Cloud Run with Pub/Sub: Key Lessons

Project Context

I’ve been working on a system built with a microservices architecture that uses Google Cloud Pub/Sub and Cloud Run to manage notifications and keep a continuous NLP analysis flow running smoothly. Each microservice has a specific role, and Pub/Sub ensures they communicate efficiently, delivering messages in the right order and at the right time for every layer of the system.

What Happened

Everything was going fine until I started configuring the NLP microservice on Cloud Run. That’s when I ran into a frustrating issue: the microservice instance would go inactive if it didn’t receive HTTP requests, which meant it couldn’t receive Pub/Sub notifications. Since Cloud Run automatically suspends instances without traffic, this completely disrupted the message flow and caused processing delays.

At first, I thought the issue might be related to resource usage, as the NLP analysis process is pretty demanding in terms of CPU and memory. I figured some internal process might be blocking cores or draining resources, so I tried larger instances and more advanced configurations. But no matter what I did, the problem didn’t go away.

I spent hours combing through logs and monitoring every deployment, trying to figure out what was going wrong. I ended up doing 32 deployments, with around 75% of them involving code changes. Each time I checked the logs and saw the service still wasn’t working, it felt like I was going in circles.

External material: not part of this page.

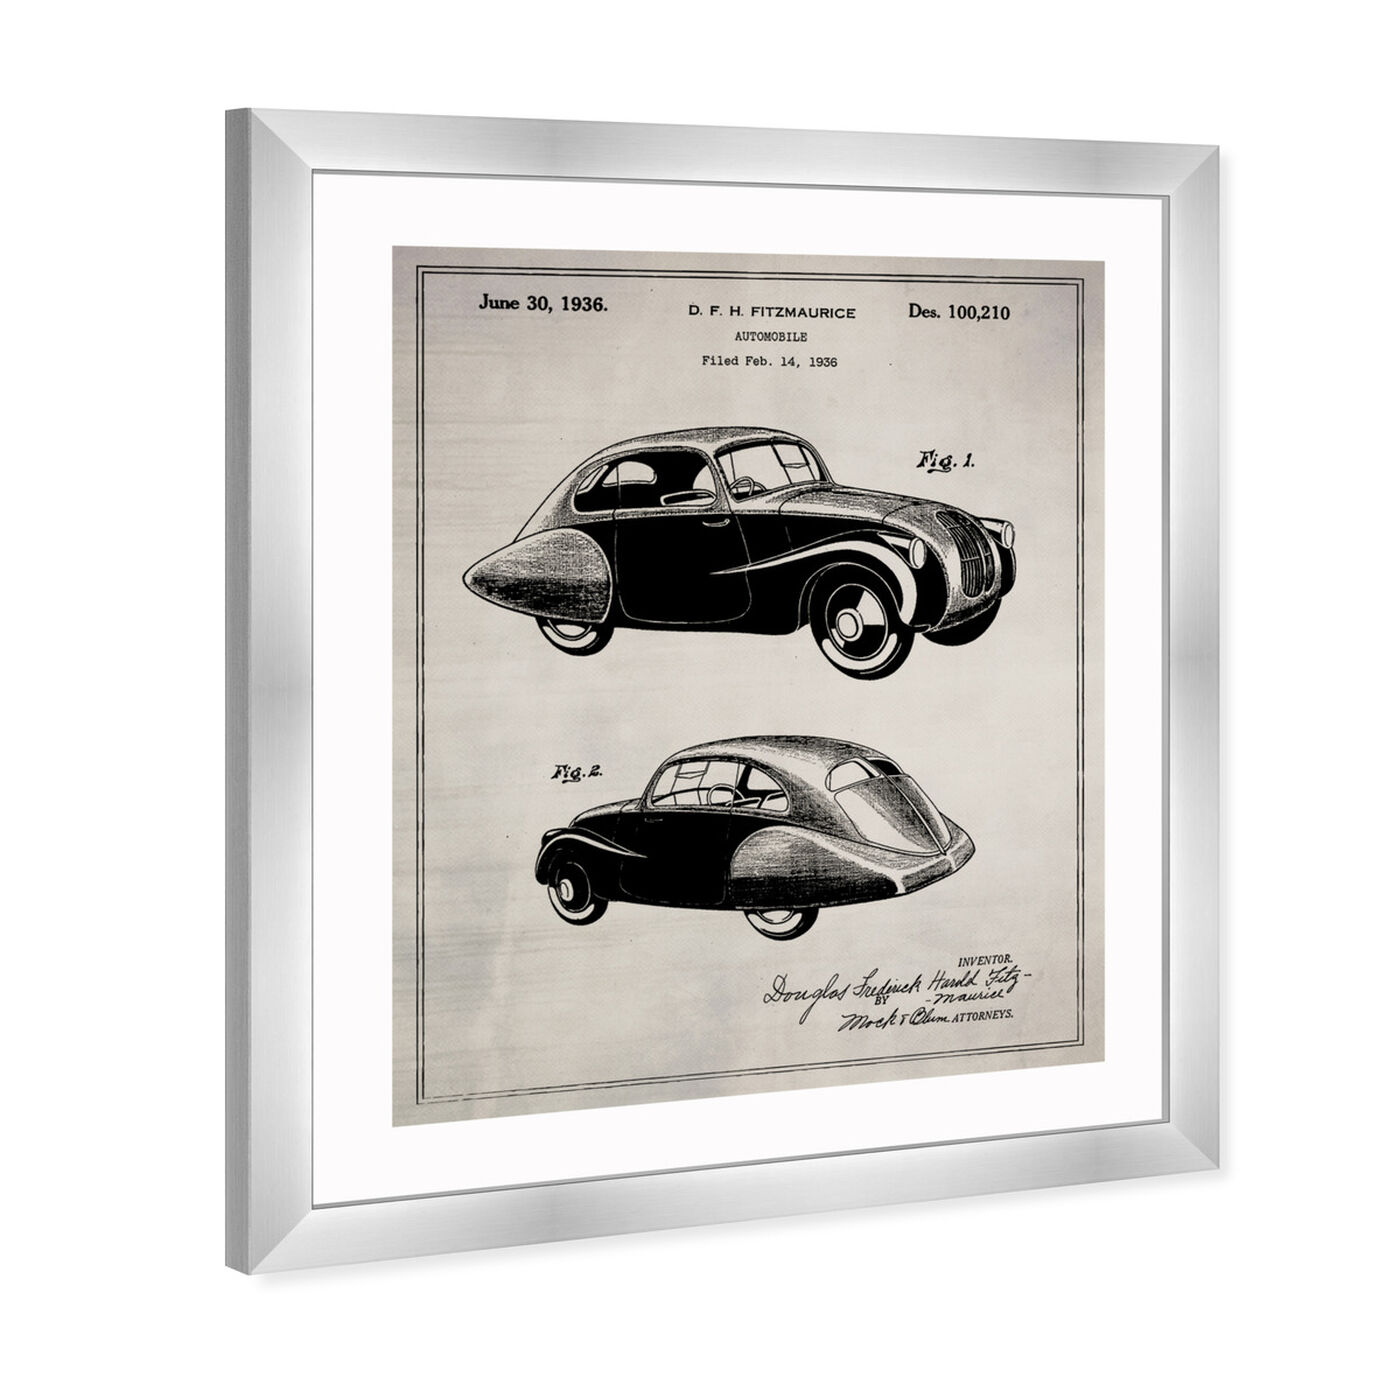 Angled view of Design For an Automobile 1936 featuring transportation and automobiles art.

Finally, after all that trial and error, I realized the problem wasn’t in my code or the resources I allocated. It was something much simpler (and more frustrating): Cloud Run’s default behavior. Without HTTP or REST traffic, instances automatically suspend. The root cause was baked into the very nature of the service.

Diagnosis and Technical Explanation

After extensively reviewing the logs and the instance behavior, I discovered that Cloud Run suspends inactive instances when there are no incoming HTTP requests. This feature is designed to optimize cloud resource usage, which is beneficial in many cases, but for this particular service, it was causing interruptions in the Pub/Sub message flow.

The Pub/Sub configuration included automatic acknowledgment (ack) and message republishing in case of failure, which helped temporarily but didn’t solve the underlying issue: if the Cloud Run instance wasn’t active, it simply couldn’t receive notifications.

The Solution

To resolve this issue, I made the following adjustments:

Configuration on Cloud Run:

• I configured Cloud Run to prevent the NLP instance from automatically suspending due to lack of HTTP traffic. This ensured that the instance would remain active and available to receive Pub/Sub messages at all times.

• Use “CPU is Always Allocated”: Enabled this setting to keep CPU resources allocated even without HTTP traffic.

• Set Minimum Number of Instances: Configured a minimum number of instances to ensure continuous service availability.

With this configuration, the service will always stay active.

Adjustments in Pub/Sub:

• I kept the configuration so that Pub/Sub would automatically send the acknowledgment (ack) and republish messages in case of failure, ensuring message delivery even if there were any transient errors. In my particular case, my process took more than 10 minutes, so using an ACK Deadline was not feasible.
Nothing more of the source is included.